‘If you don’t love him, there’s no point in going on, but do a slow bail out’
I am 30, and happily married. Whenever I go to malls, shopping centres or any public places, women stand very close to me try to touch me. Even good looking women from rich families have done it. What is their intention and is ignoring them enough to avoid them?
You are, Mr.Confused Soul, either one of the two luckiest guys in the world, or actually the luckiest guy in the world. So firstly, congratulations are in order. Well done! Women, obviously are drawn to your pure, raw, animal magnetism. We see similar behaviour amongst hippopotamuses. Not that I’m calling you a hippo. And not that being a hippo is a bad thing. However, the most desired hippo male is constantly caressed by all females of all ages and shapes and sizes. (Yes even hippos have different shapes and sizes, read the labels on their backs if you don’t believe
me.) You have two options, enjoy the attention, or constantly tell them to leave you alone. You can’t help your sexiness. It’s not your fault, that you’re Adonis himself.
I had a crush on a girl from my coaching class. Now, my coaching term has ended and she is dating someone else. I can’t forget her. Please help.
This, HG, is my biggest grouse with coaching classes. This, and the fact that there are fans placed too high. Which results in the air never reaching you while you are sitting in class. My grouse is while they try to teach you about the subject, they forget to teach you about life. The Eskimo King, ‘EGrook the Reverse’, actually came up with a revamped look at education, He insisted on life’s teaching only. Things like, “if you stand in a boiling cauldron for more than 30 seconds it may hurt”. In your tuition class, they forget to inform you about the importance of timing. Instead of wasting time on education, you should have pursued the girl. Now she has gone, and so has the class. You have 3 choices. (a) Join another coaching class, (b) Find another girl, and (c) Call her up, and try your luck. I personally feel you’ve missed the boat, so sign up somewhere else and move on. I have been dating a guy for the last four years. Now, he has failed in his exams, my parents have got to know about our relationship and I don’t love him anymore. He loves me a lot. How do I get out of this mess?
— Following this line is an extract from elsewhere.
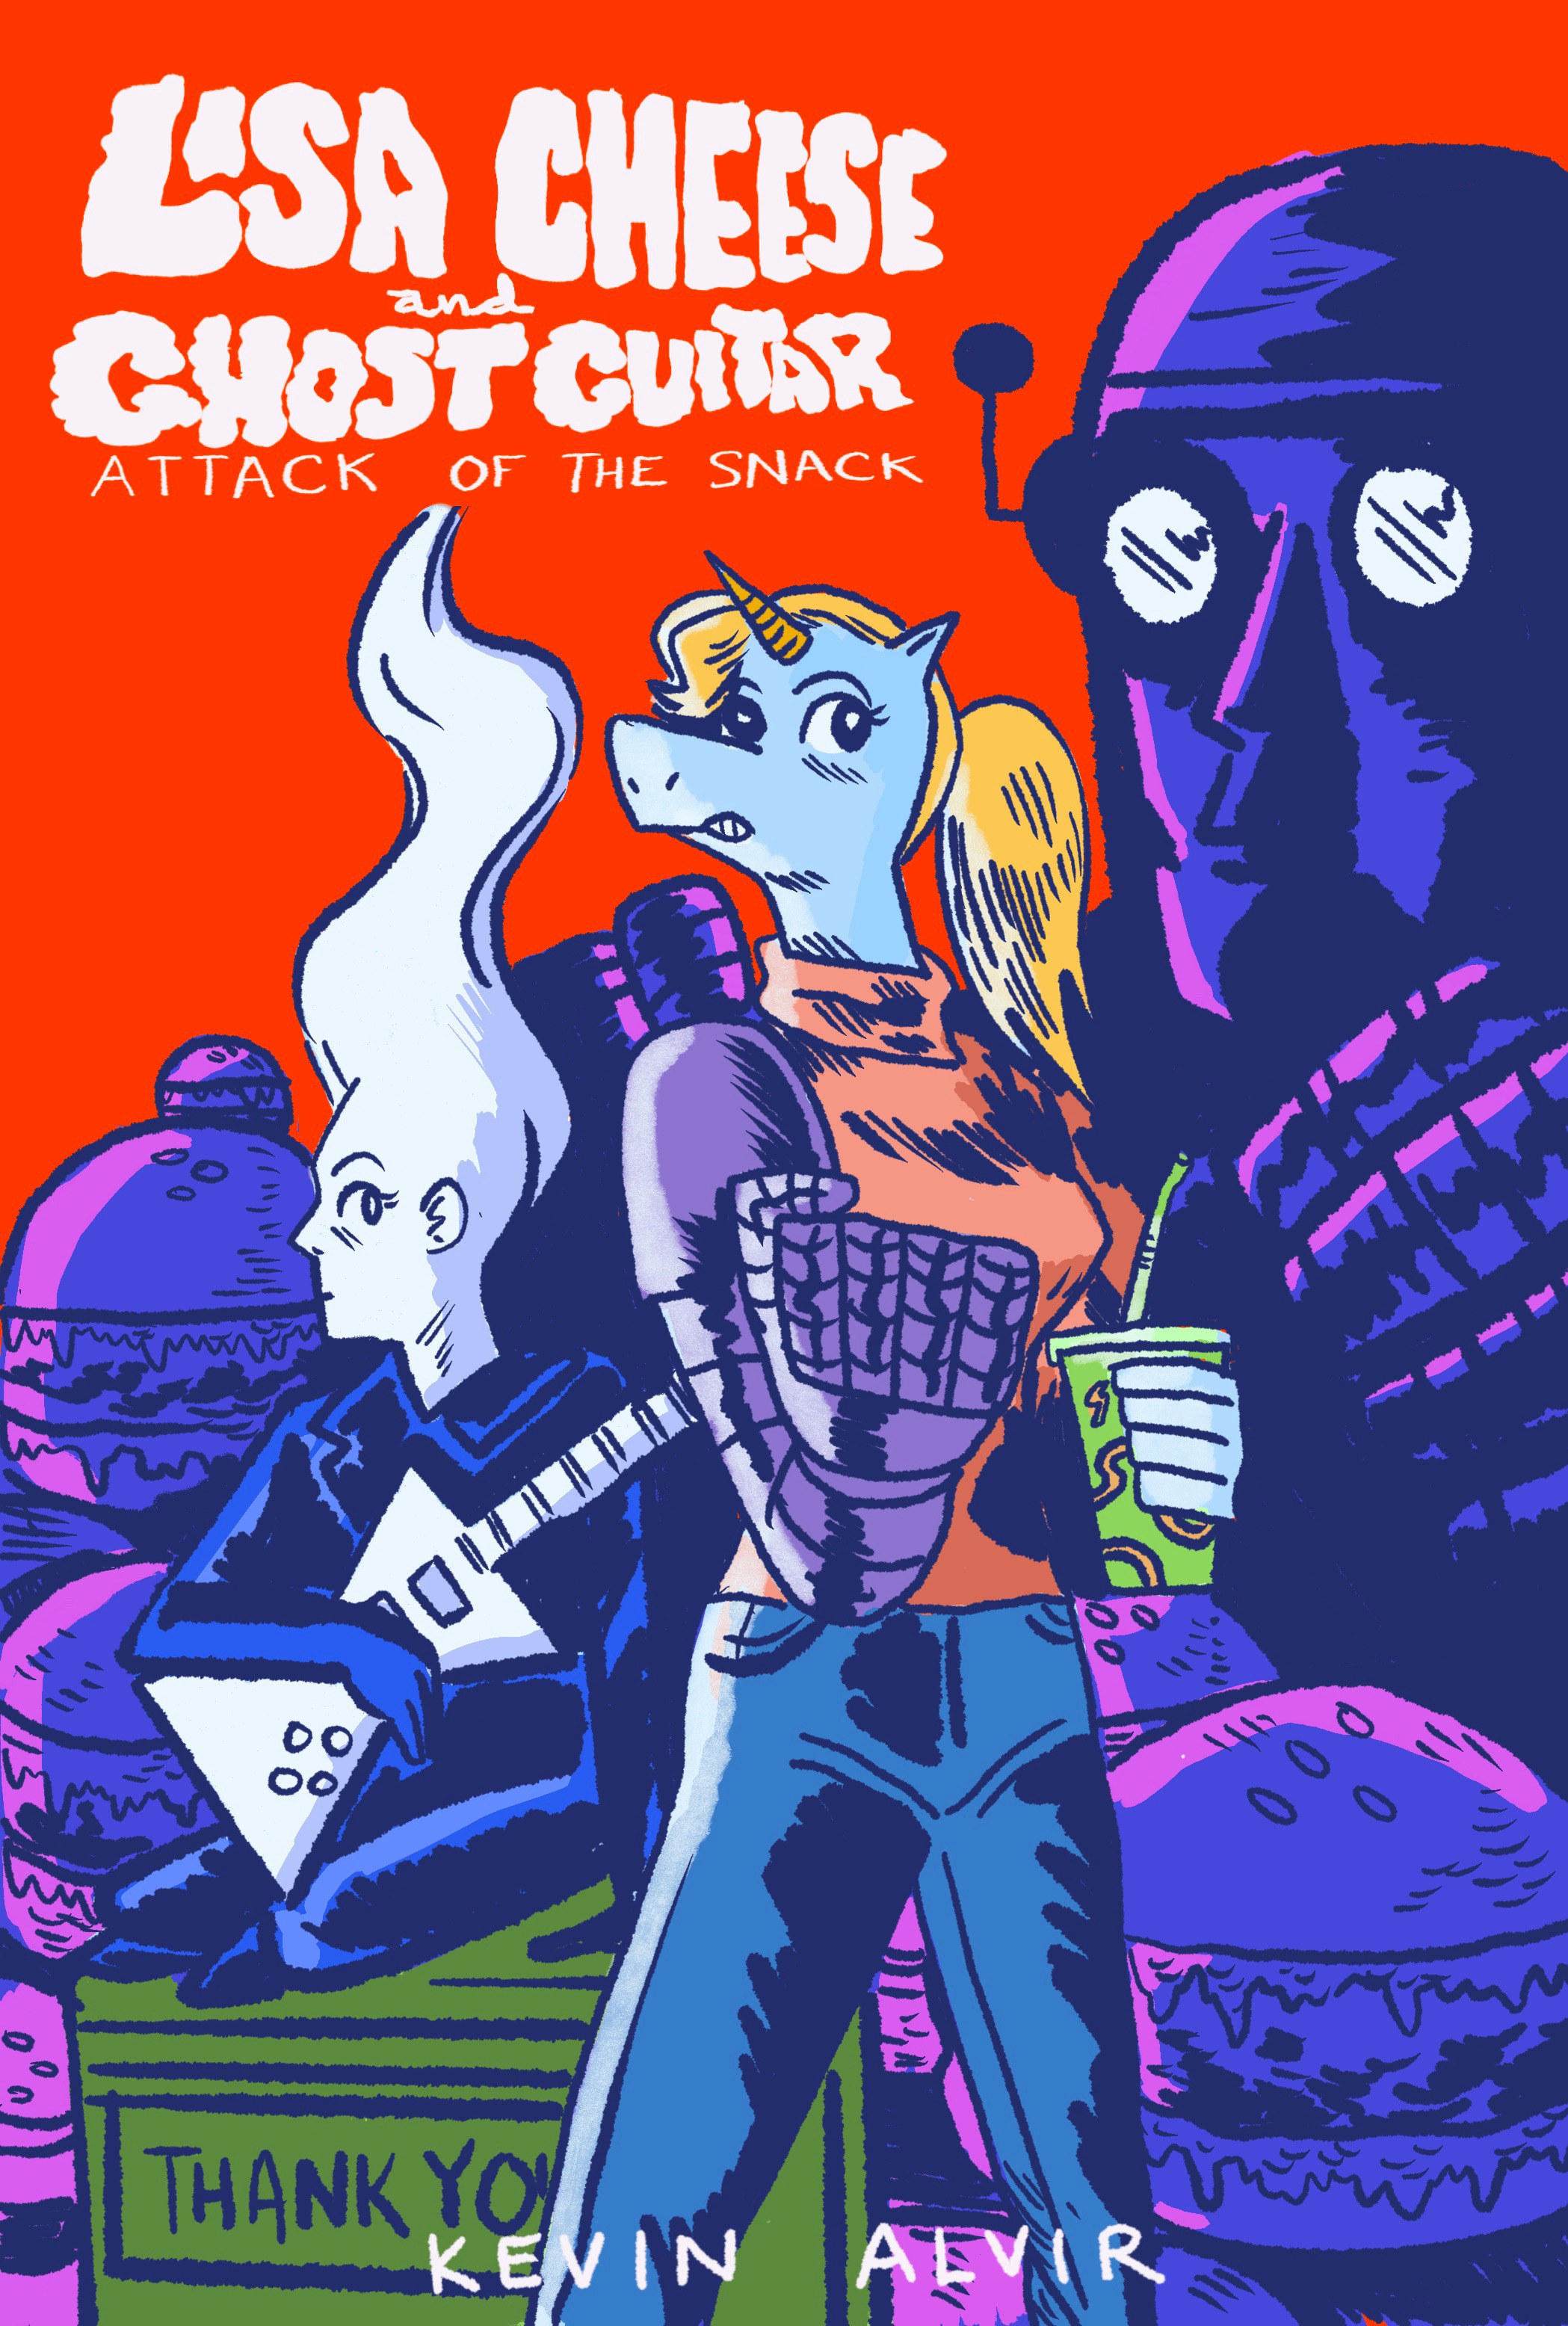 Lisa Cheese and Ghost Guitar (Book 1): Attack of the Snack | Alvir, Kevin (Auteur)

SG Oops, what a time for you to bail out. SG, his world is crumbling, he’s failed his exams, if you leave him right now, it could be almost as painful as removing a hernia without being anaesthetised. Which, I’m sure is an option he’d prefer if you offered it to him. Yet, if you don’t love him, there’s no point in going on. But it’s a delicate time for him, so I think you do a slow bail out. Help him regain his composure, before you cruelly pull the rug from under his feet. When you feel his confidence is back, you can hand in your resignation. Of course, that will shatter his confidence again, but the only other option is to wait 20 years and pretend to love him. I’ve tried that, and it’s exactly like the above mentioned Hernia thing.
I like my best friend. I think he likes me too. He has been avoiding me for some time. But, whenever we come face to face, he makes eye contact with me. Now, I am confused whether he really likes me. How can I clear my confusion?
When he makes eye contact, does he also poke you in the nose? Does he break into a Rajasthani folk sing? Does he make bird mating sounds? Just eye contact is a good thing, but it’s not the only thing, Confusedji. Eye contact + avoidance, is an equation that is normally associated with love. It’s called ‘ambivalence’. Don’t clear the confusion. Let the confusion grow. Paradoxically, confusion grows to clarity these days. There is interest, why accelerate and cause trouble. Let the river flow as it will. Improve the quality of your communication and connection, and all else will naturally follow.